(Problem details)
Set down exactly the lines in the records below that run from the line with "Коврики резиновые в" to the line with "WikiOO.org - Encyclopedia", inclusive, and nothing more.

(Records shown)
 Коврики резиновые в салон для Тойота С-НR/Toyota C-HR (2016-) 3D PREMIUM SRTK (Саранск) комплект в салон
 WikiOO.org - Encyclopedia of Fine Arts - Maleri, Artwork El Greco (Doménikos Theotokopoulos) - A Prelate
* * *
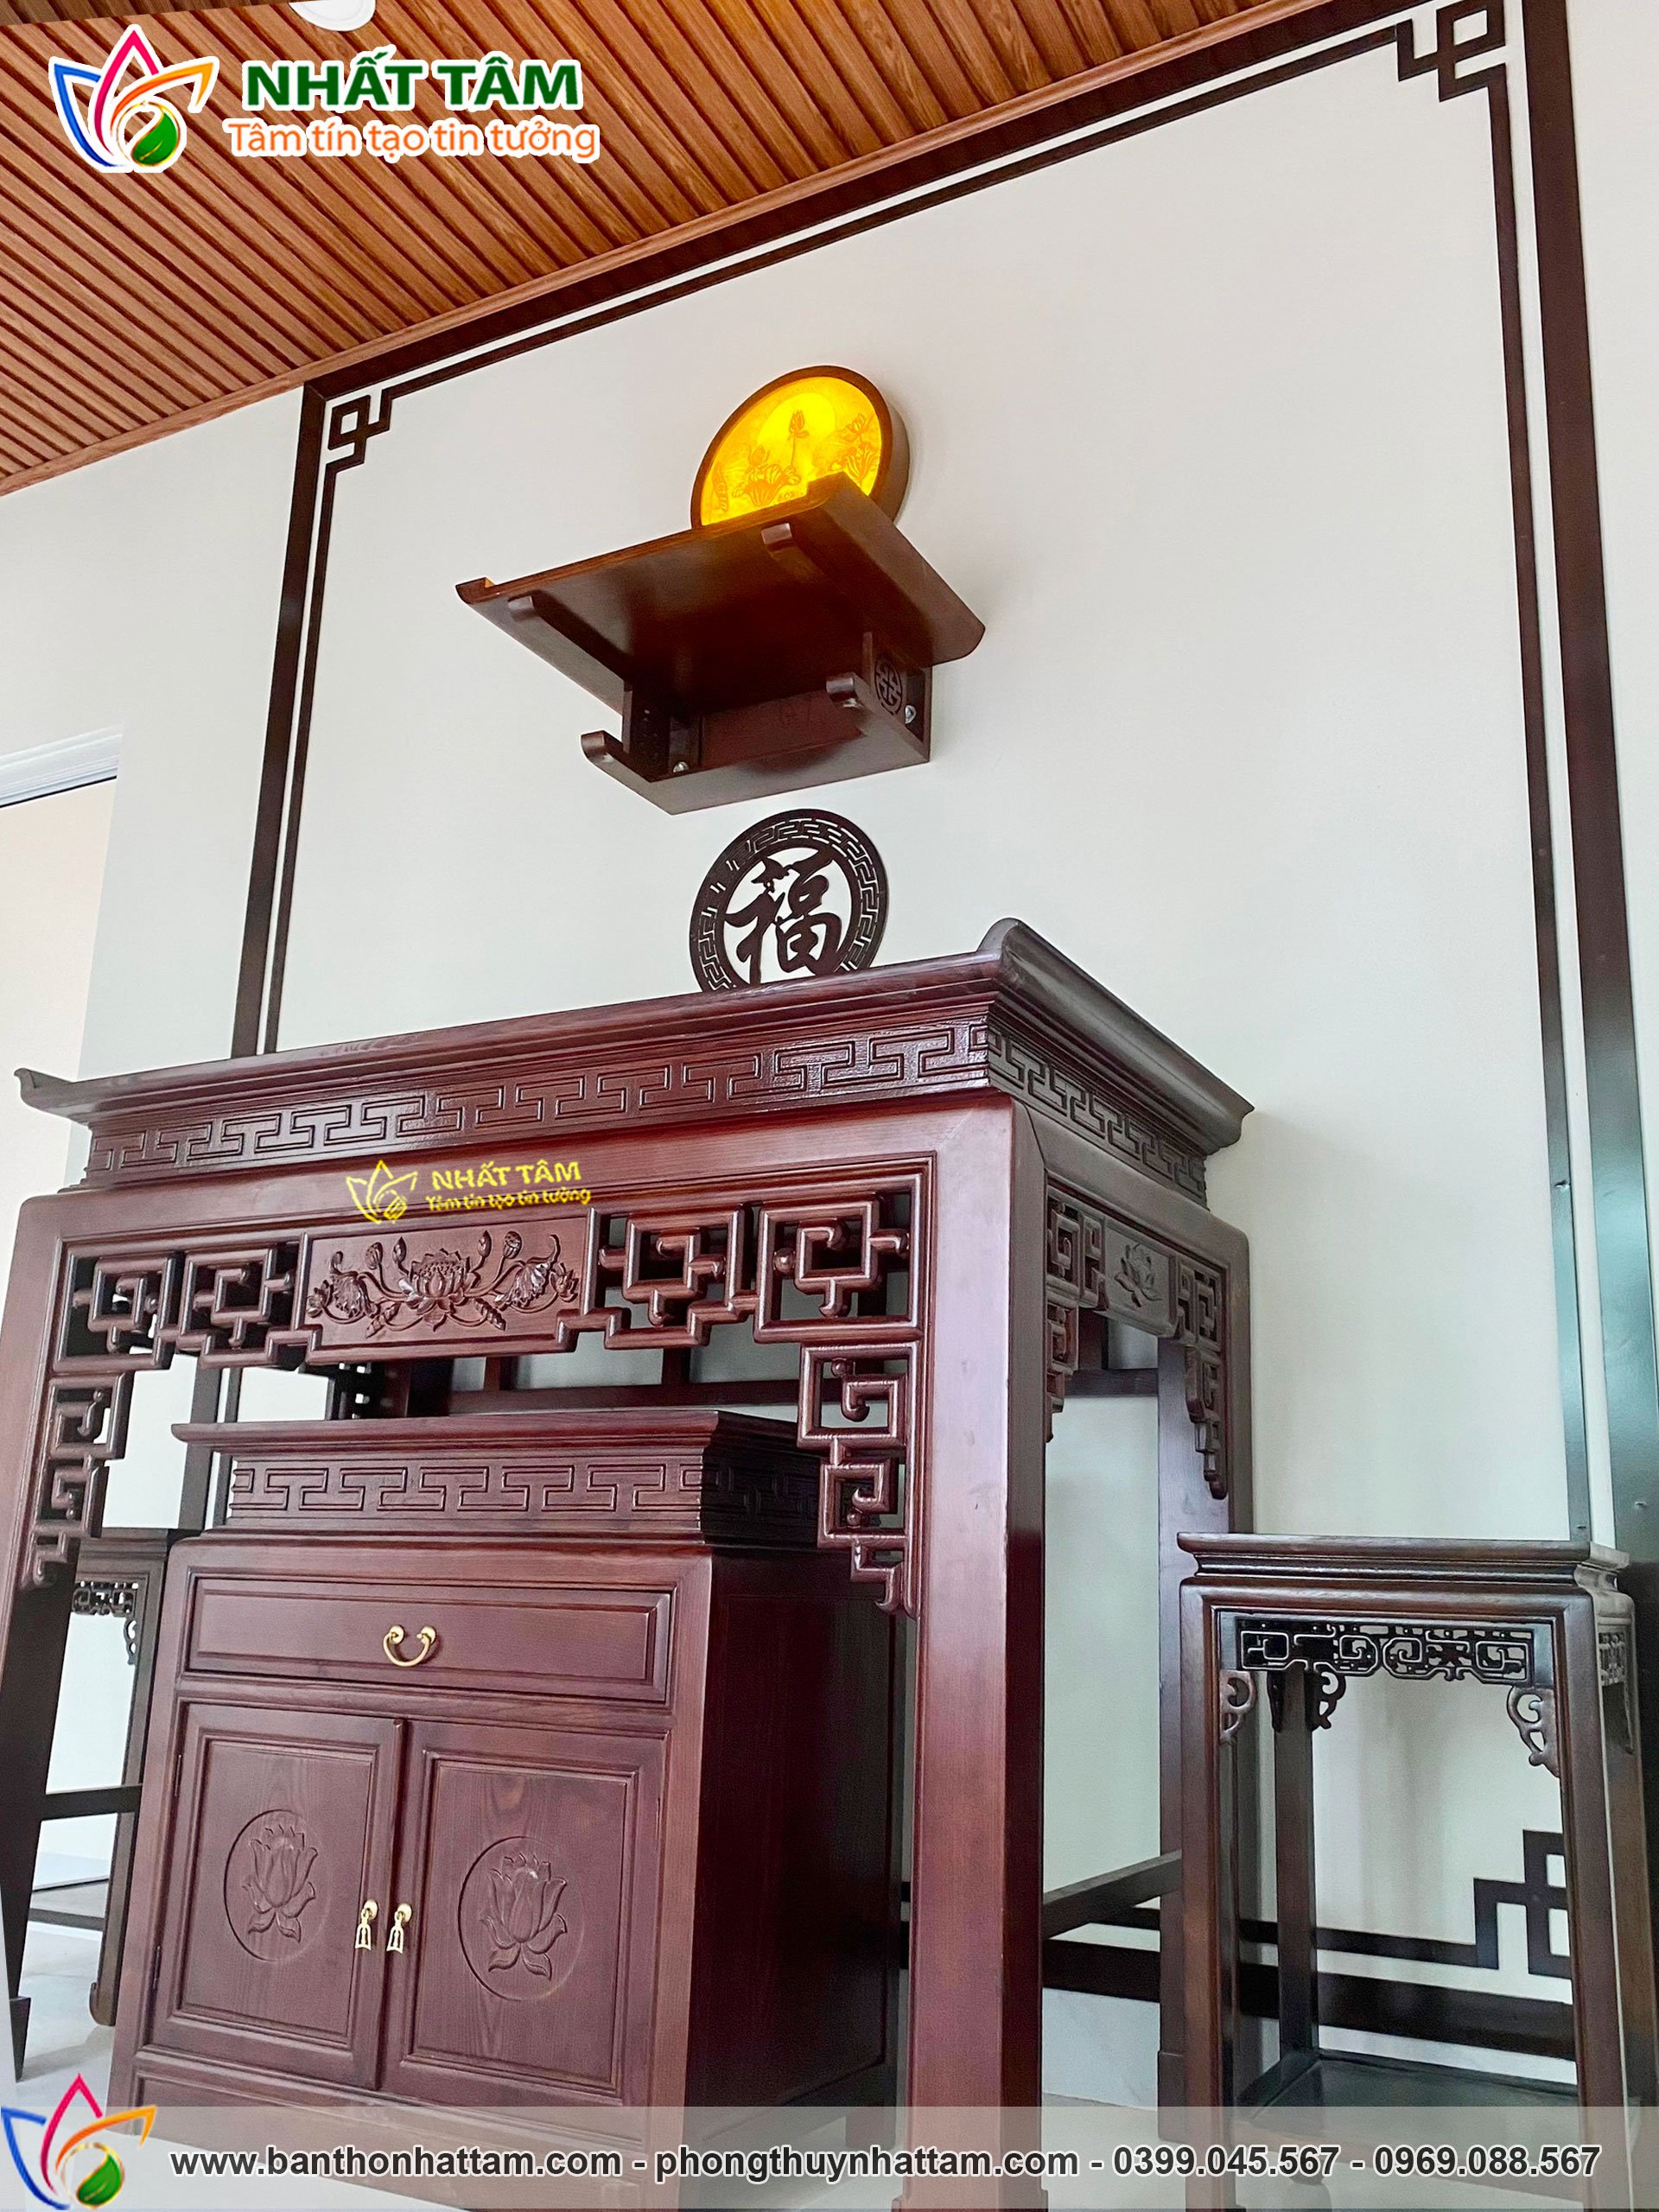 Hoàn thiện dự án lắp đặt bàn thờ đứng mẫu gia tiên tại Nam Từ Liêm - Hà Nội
==
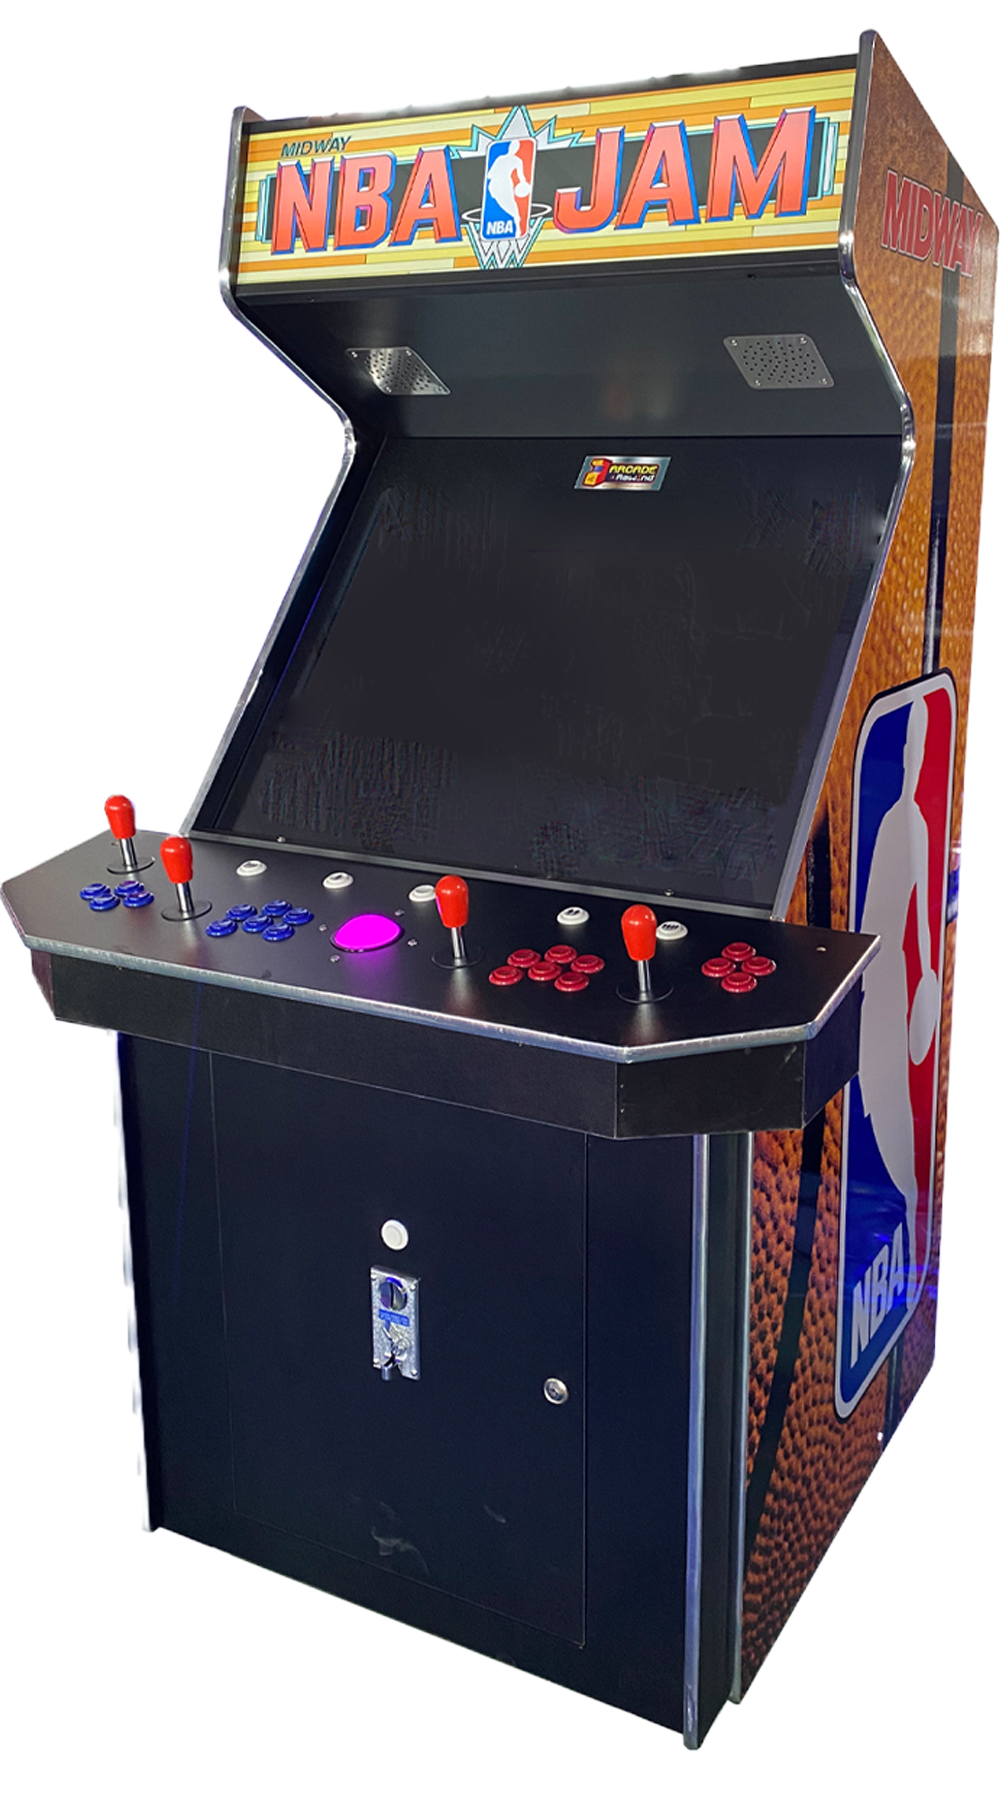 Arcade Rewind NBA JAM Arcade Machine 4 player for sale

(Answer to this task)
 Коврики резиновые в салон для Тойота С-НR/Toyota C-HR (2016-) 3D PREMIUM SRTK (Саранск) комплект в салон
 WikiOO.org - Encyclopedia of Fine Arts - Maleri, Artwork El Greco (Doménikos Theotokopoulos) - A Prelate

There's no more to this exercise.